INPUT FOR THIS TASK>
##########
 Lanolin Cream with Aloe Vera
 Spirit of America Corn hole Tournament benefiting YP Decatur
##########
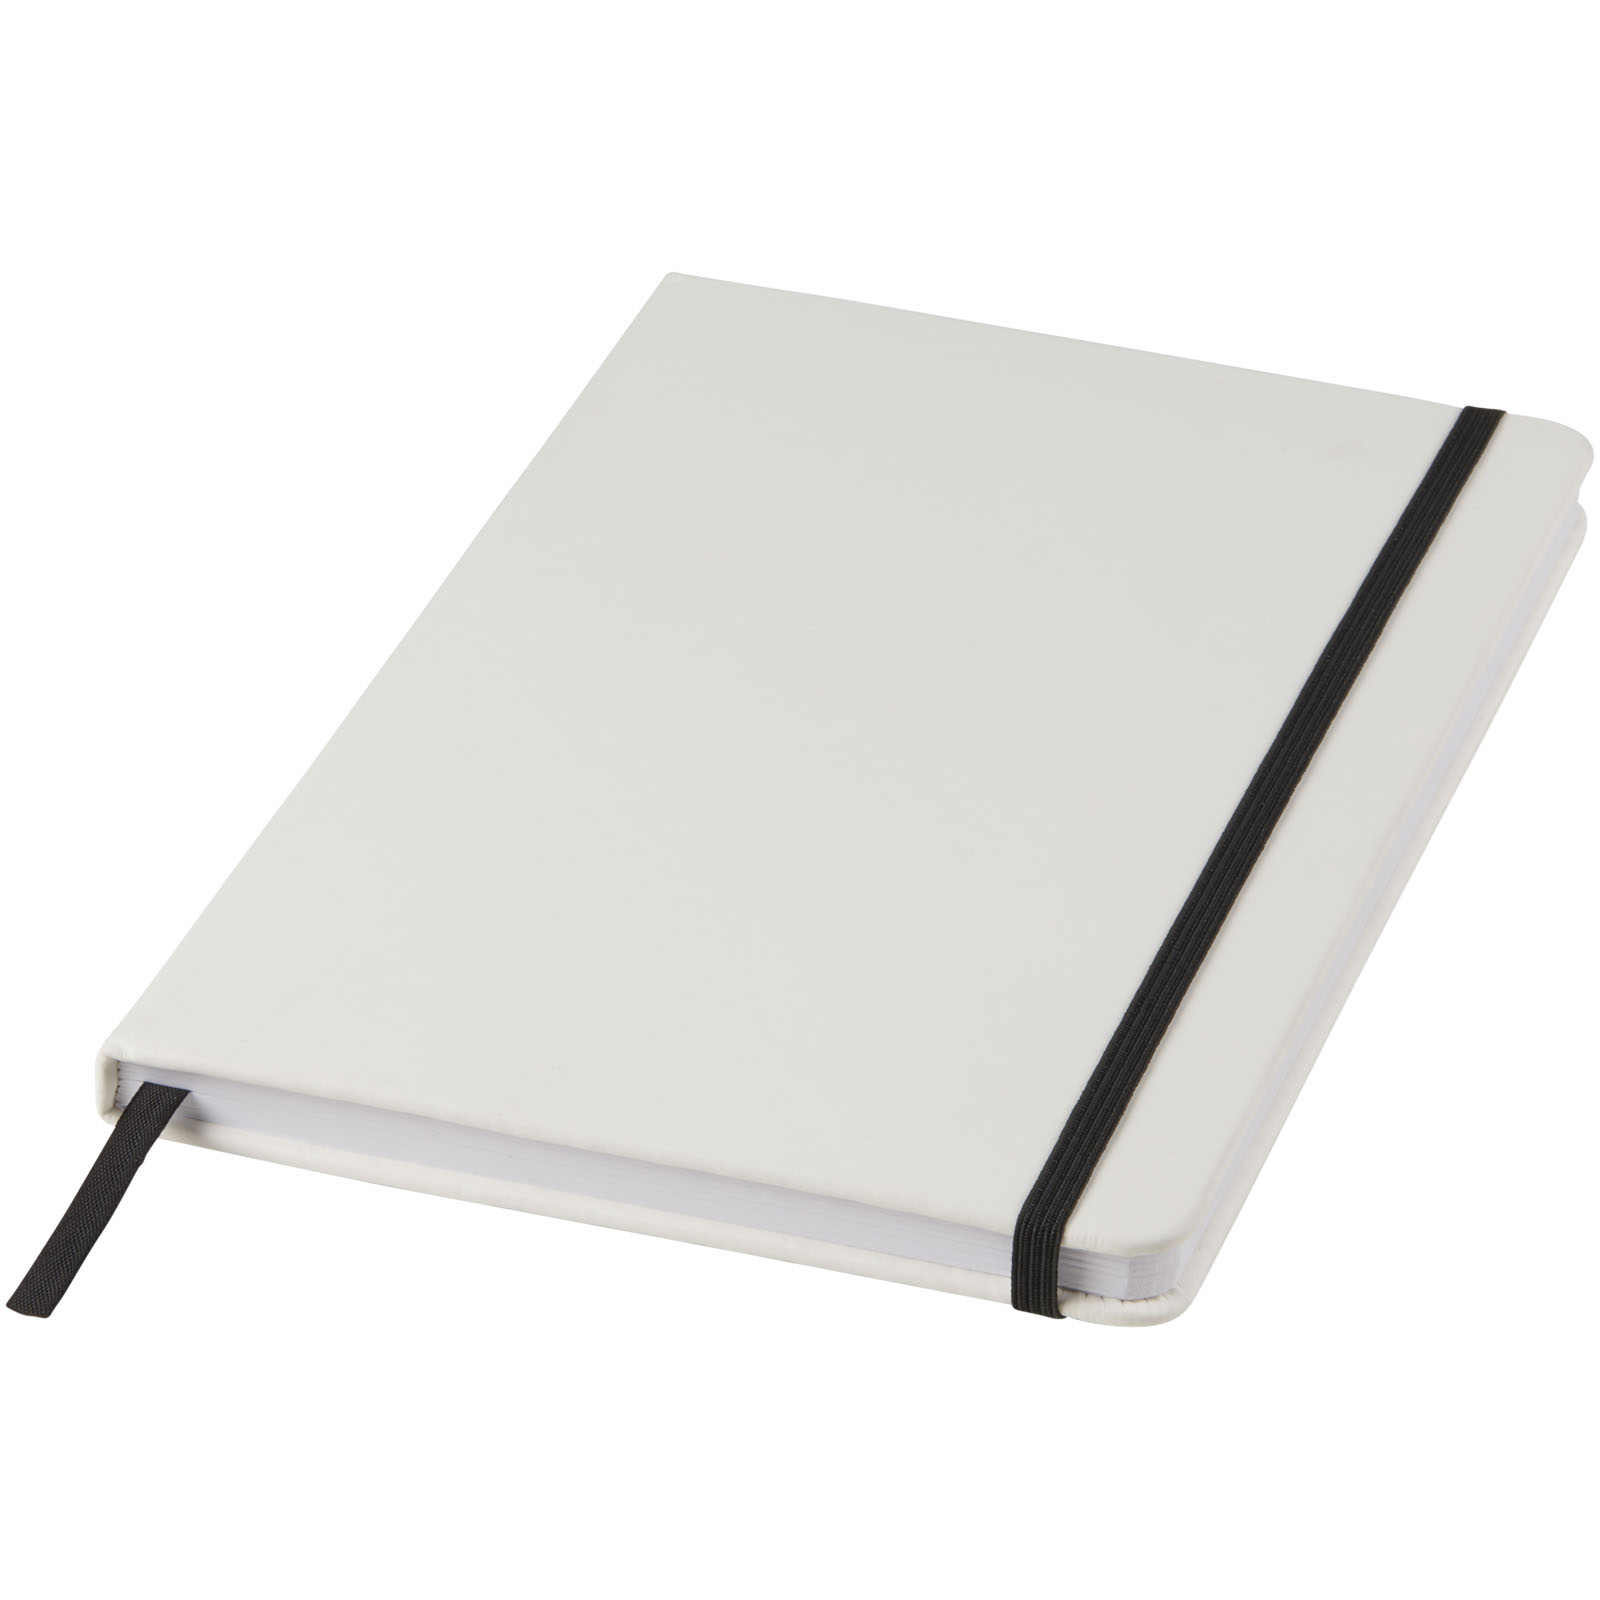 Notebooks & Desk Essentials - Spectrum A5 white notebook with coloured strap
##########
WHAT IS REQUIRED> Your answer should consist of the lines from the line with "Lanolin Cream with Aloe Vera" to the line with "Spirit of America" above, repeated exactly, both ends included.

ANSWER AREA>
 Lanolin Cream with Aloe Vera
 Spirit of America Corn hole Tournament benefiting YP Decatur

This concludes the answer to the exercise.